А можно поближе эмблемой полюбоваться? :Smile:

----------


## KAV

Денис, а новый борт, что с ремзавода пришел не смог пофоткать?

----------


## Д. Евстафьев

> Денис, а новый борт, что с ремзавода пришел не смог пофоткать?


Новый или ремонтный?

----------


## KAV

Ремонтный, конечно. Вроде 24-й бортовой номер....

----------


## Д. Евстафьев

> Ремонтный, конечно. Вроде 24-й бортовой номер....


Гляну. Вроде бы фотал и его.

----------


## KAV

Денис, а ты вот это видел.

http://aerodim70.narod.ru/photoalbum3.html

Там есть и твои фото......

И если не жалко зашли на мыло пару фоток 24-го. Если найдешь, конечно. Заранее большой сипсиб...

----------


## Mad_cat

> http://aerodim70.narod.ru/photoalbum3.html


прекрасные фотки :Smile:

----------


## Д. Евстафьев

> Денис, а ты вот это видел.
> 
> http://aerodim70.narod.ru/photoalbum3.html
> 
> Там есть и твои фото......
> 
> И если не жалко зашли на мыло пару фоток 24-го. Если найдешь, конечно. Заранее большой сипсиб...


На ремонтный он не шибко похож.

----------


## Д. Евстафьев

> Денис, а ты вот это видел.
> 
> http://aerodim70.narod.ru/photoalbum3.html
> 
> Там есть и твои фото......
> 
> И если не жалко зашли на мыло пару фоток 24-го. Если найдешь, конечно. Заранее большой сипсиб...


Из моих снимков там самый "молодой" прошлым летом сделан. Ну есть кое-что из нового. ГИМО, например. 

ЗЫ: Мыло твое не нашел. Серега тоже не помог. Так что лучше ты мне отпишись.

----------


## AC

> Денис, а ты вот это видел.
> http://aerodim70.narod.ru/photoalbum3.html


А кто-нибудь знает, когда сделаны эти фото?...  :Smile:

----------


## [RUS] MK

> На ремонтный он не шибко похож.


Хм... А разве двадцатьчетверки в Храброво стоят? Там ведь только Су-27 стоят, нет? А Су-24М в Черняховске. Вроде так.

----------


## AC

> Хм... А разве двадцатьчетверки в Храброво стоят? Там ведь только Су-27 стоят, нет? А Су-24М в Черняховске.
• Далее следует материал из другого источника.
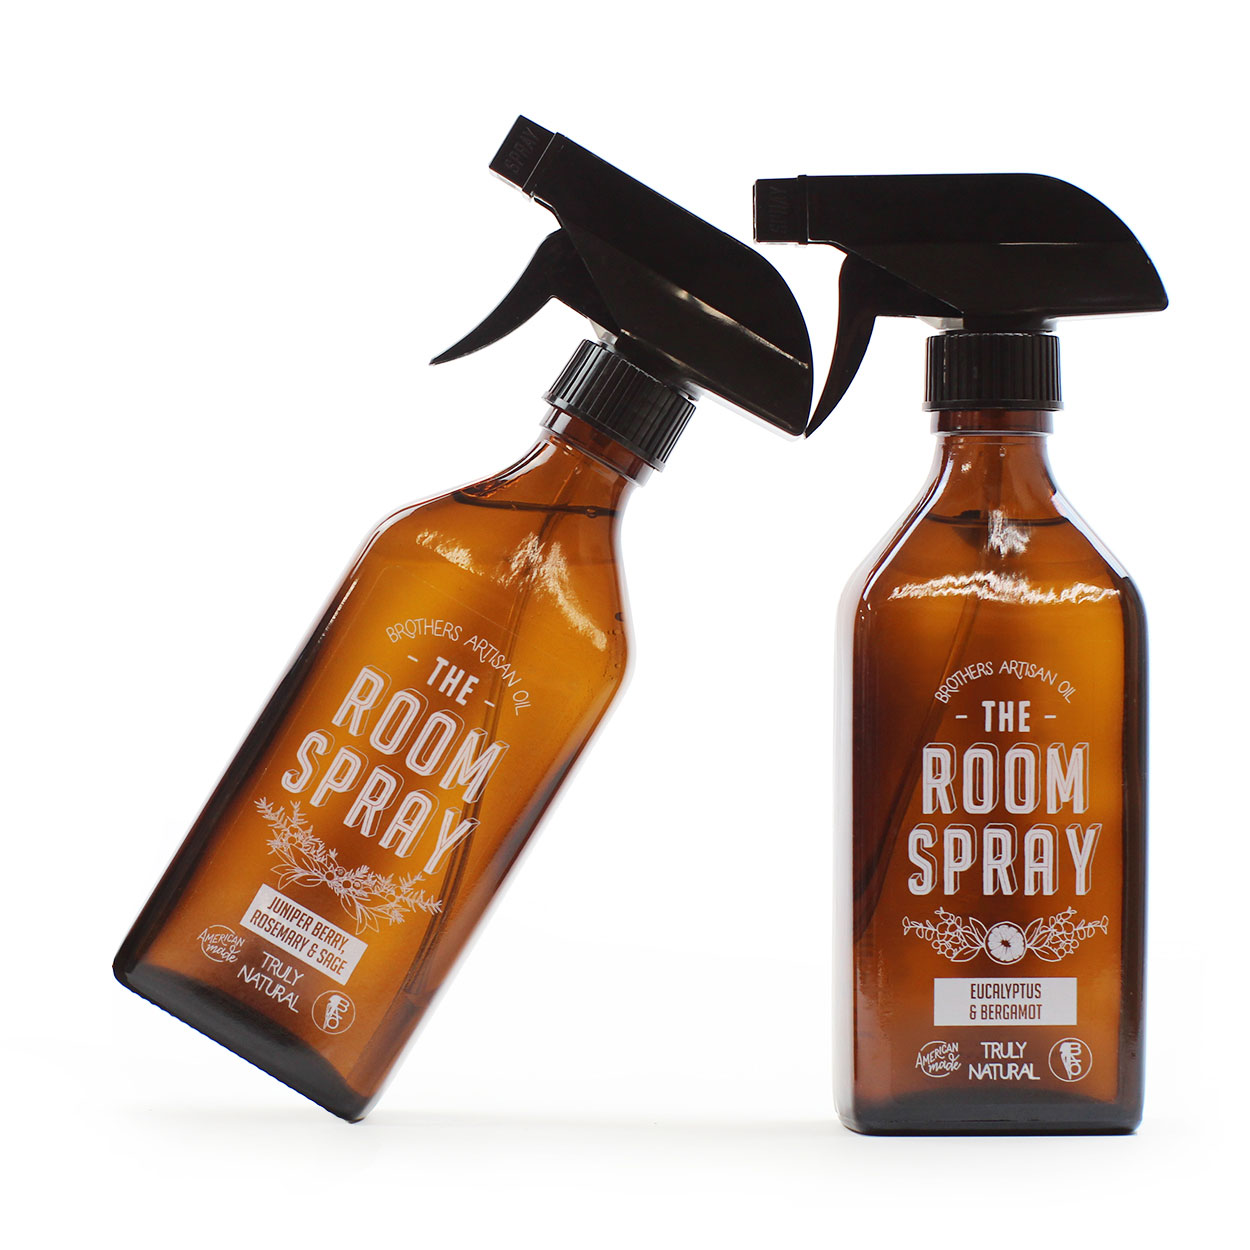 The Room Spray: Eucalyptus & Bergamot

Вроде так.


Если Вы про эмблему, то она с Ан-26:
http://forums.airforce.ru/attachment...6&d=1211309119

----------


## [RUS] MK

> Если Вы про эмблему, то она с Ан-26:
> http://forums.airforce.ru/attachment...6&d=1211309119


А! Понятно. :Wink:

----------


## AC

*Главком Зелин: с движками Су-24 возникли проблемы...:*
"...Произошел некоторый провал в части ресурсного обеспечения авиадвигателей самолетов Су-24. Дело в том, что мы вынуждены были снять досрочно, по профилактическим мероприятиям, немалое количество таких "движков" и сейчас стараемся совместно с Генеральным штабом, управлением вооружения эту проблему решить...".
http://www.vpk-news.ru/article.asp?p...icles.names_01
Интересно..

----------


## Д. Евстафьев

> *Главком Зелин: с движками Су-24 возникли проблемы...:*
> "...Произошел некоторый провал в части ресурсного обеспечения авиадвигателей самолетов Су-24. Дело в том, что мы вынуждены были снять досрочно, по профилактическим мероприятиям, немалое количество таких "движков" и сейчас стараемся совместно с Генеральным штабом, управлением вооружения эту проблему решить...".
> http://www.vpk-news.ru/article.asp?p...icles.names_01
> Интересно..


Интересно, как они собираются "решать" проблему. С баз хранения уже все что могли выгребли давно. Летчиков послушать, как они приспосабливаются под разнотяг двигателей, плакать хочеться. И ведь капиталят эти дрова, и продолжают летать...  :Mad:

----------


## AC

> Интересно, как они собираются "решать" проблему. С баз хранения уже все что могли выгребли давно... И ведь капиталят эти дрова, и продолжают летать...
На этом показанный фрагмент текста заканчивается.